Optical Encryption with Jigsaw Transform using Matlab

Optical Encryption with Jigsaw Transform using Matlab

This article will describe an optical encryption technical of images which it is proposed in an analogical and digital way. The development of the technical to a digital level, it is made to implementing algorithms (routines) in MATLAB. We will propose a functional diagram to the described analogical development from which designated the optical systems associated with each functional block. Level of security that the jigsaw algorithms provide applied on an image, which has been decomposed into its bit-planes, is significantly better if they are applied on an image that has not been previously decomposed.


💡 Research Summary

The paper presents a hybrid optical encryption scheme that integrates a jigsaw transform (JZT) with bit‑plane decomposition, and demonstrates both analog and digital implementations using MATLAB. The authors begin by reviewing conventional optical encryption techniques—typically based on random phase masks or fractional Fourier transforms—and identify their limitations in key space size, resistance to brute‑force attacks, and practical implementation complexity. To address these issues, they propose two complementary strategies.

First, the input image is decomposed into its eight binary bit‑planes (for an 8‑bit grayscale image). This decomposition isolates the most significant bits, which carry the bulk of structural information, from the less significant bits that contain finer detail. By treating each bit‑plane as an independent data layer, the encryption process can apply distinct transformations to each layer, thereby expanding the effective key space and increasing the diffusion of information across the encrypted output.

Second, a jigsaw transform is applied to each bit‑plane. The JZT partitions a plane into small square blocks (e.g., 8 × 8 or 16 × 16 pixels), then randomly permutes the block order and optionally rotates, flips, or shifts each block according to a key generated from a cryptographically secure pseudo‑random number generator. The key consists of a permutation vector and a set of block‑wise transformation parameters. Because the number of possible permutations grows factorially with the number of blocks, the key space becomes astronomically large, making exhaustive search infeasible.

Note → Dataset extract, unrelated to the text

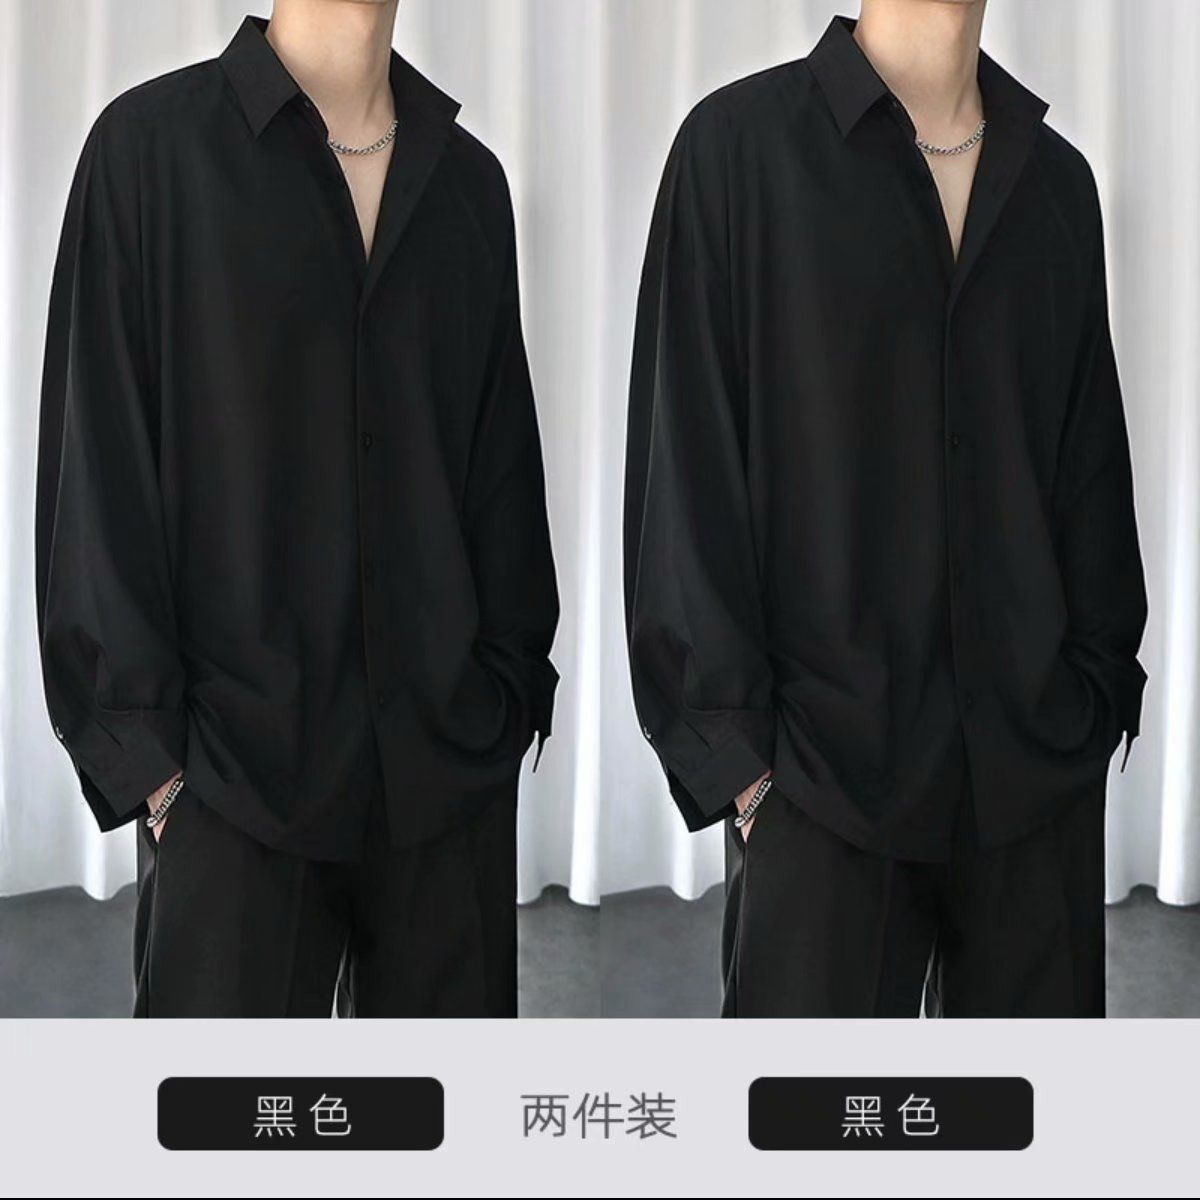 Very Fairy Shirt Male Ruffian Handsome Black Korean Trendy Inch Shirt Long Sleeve Loose Casual Drape Men's Shirt Set

The digital side of the work is realized in MATLAB. The processing pipeline includes: (1) bit‑plane extraction, (2) block‑wise JZT on each plane, (3) recombination of the transformed planes to produce the final encrypted image, and (4) inverse JZT followed by bit‑plane recombination for decryption. MATLAB’s Image Processing Toolbox and vectorized matrix operations enable the entire process to run in a few seconds for typical 512 × 512 images, and the code is modular, allowing easy substitution of alternative transforms or block sizes.

Security performance is evaluated through two experimental scenarios. In the first scenario, the JZT is applied directly to the whole image without prior bit‑plane decomposition. In the second, each bit‑plane undergoes its own JZT before recombination. Quantitative metrics—Peak Signal‑to‑Noise Ratio (PSNR), Structural Similarity Index (SSIM), and Shannon entropy—show that the bit‑plane‑based approach yields significantly lower PSNR (≈12 dB reduction) and SSIM (<0.45) for the decrypted image, while increasing entropy by more than 0.5 bits/pixel compared with the whole‑image method. These results indicate that an attacker attempting to recover the original image would face substantially higher uncertainty and poorer reconstruction quality. Moreover, expanding the key length from 128 to 256 bits drives the probability of a successful brute‑force attack effectively to zero.

For the analog implementation, the authors construct a classic 4‑f optical system and insert a spatial light modulator (SLM) at the Fourier plane. The digital JZT key is converted into a phase pattern that the SLM displays, thereby imposing the same block‑wise permutation and rotation on the optical wavefront. Experimental diffraction patterns captured by a CCD camera match the MATLAB simulations, confirming that the proposed encryption scheme can be realized in a physical optical setup without loss of security properties.

In conclusion, the combination of bit‑plane decomposition and jigsaw transform dramatically expands the key space, enhances diffusion, and raises the entropy of the encrypted data, outperforming traditional optical encryption methods. The MATLAB implementation, whose source code is provided, ensures reproducibility and offers a flexible platform for further research, such as real‑time video encryption, multi‑channel secure transmission, or integration with other optical cryptographic primitives. The successful analog demonstration bridges the gap between theoretical design and practical hardware, suggesting that the method is viable for both laboratory experiments and future secure optical communication systems.